In my recent paper "The Diminishing Role of Jewish Men in Jewish Life: Addressing the Challenge," I suggest that in order to rectify the gender imbalance that is occurring in the general and specifically Jewish volunteer world, organizational leaders and educators need to incorporate what education and developmental gender research is telling us about how boys learn, because the implications of this information predicts a challenging, if not dismal, future for Jewish men and the families that we hope they might create.
In order to address this concern, the FJMC has created a number of venues designed to empower and motivate men at their different life stages.
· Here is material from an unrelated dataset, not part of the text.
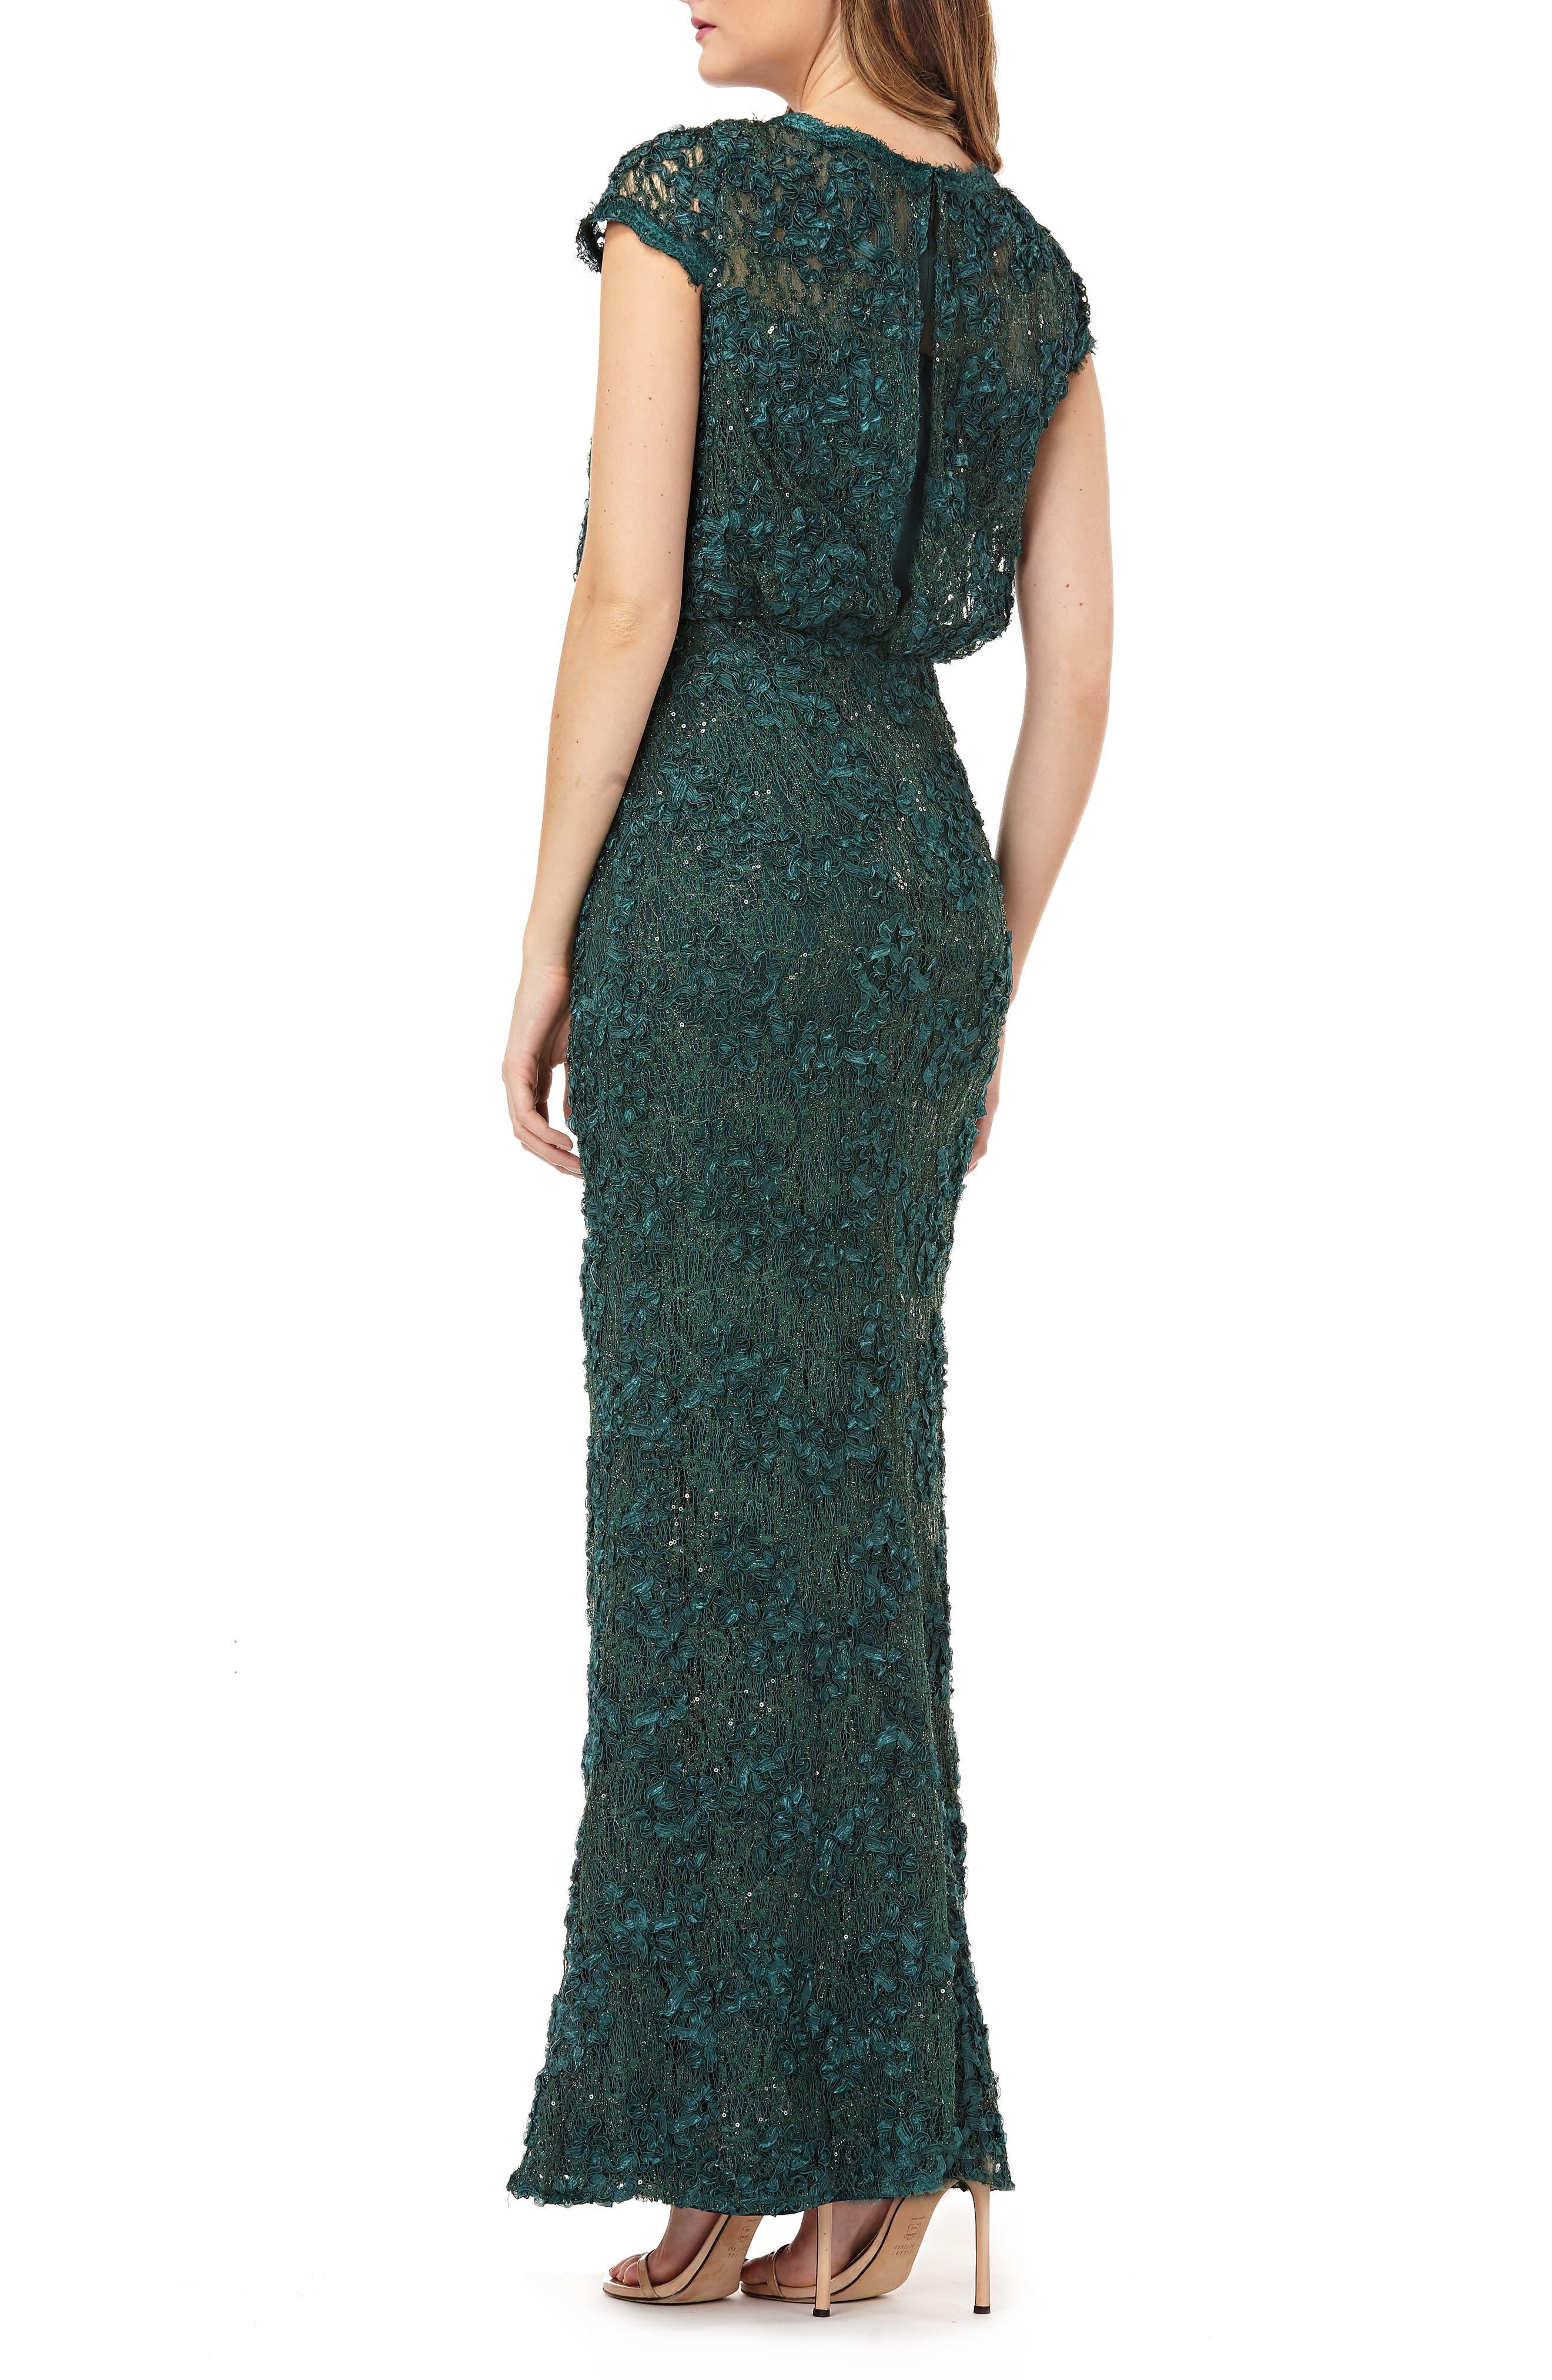 JS COLLECTIONS,                             Sequin Lace Blouson Gown,                             Alternate thumbnail 2, color,                             GREEN

These venues include providing fathers with relevant information about the use of fatherly influence to enable them to make educated decisions how they parent as well as gender needs based motivational seminars designed to provide a sense of purpose and satisfaction.
It may not sound politically correct but the future of Jewish men is indeed being challenged and this needs to be placed on our community agendas. I call on the Jewish community to respond. In the liberal Jewish world, men are not oppressors and patricharchy is considered an antiquated word. We have a responsibility not only to ourselves but to our sons and daughters to build a strong community where male leadership is reinterpreted for the 21st century.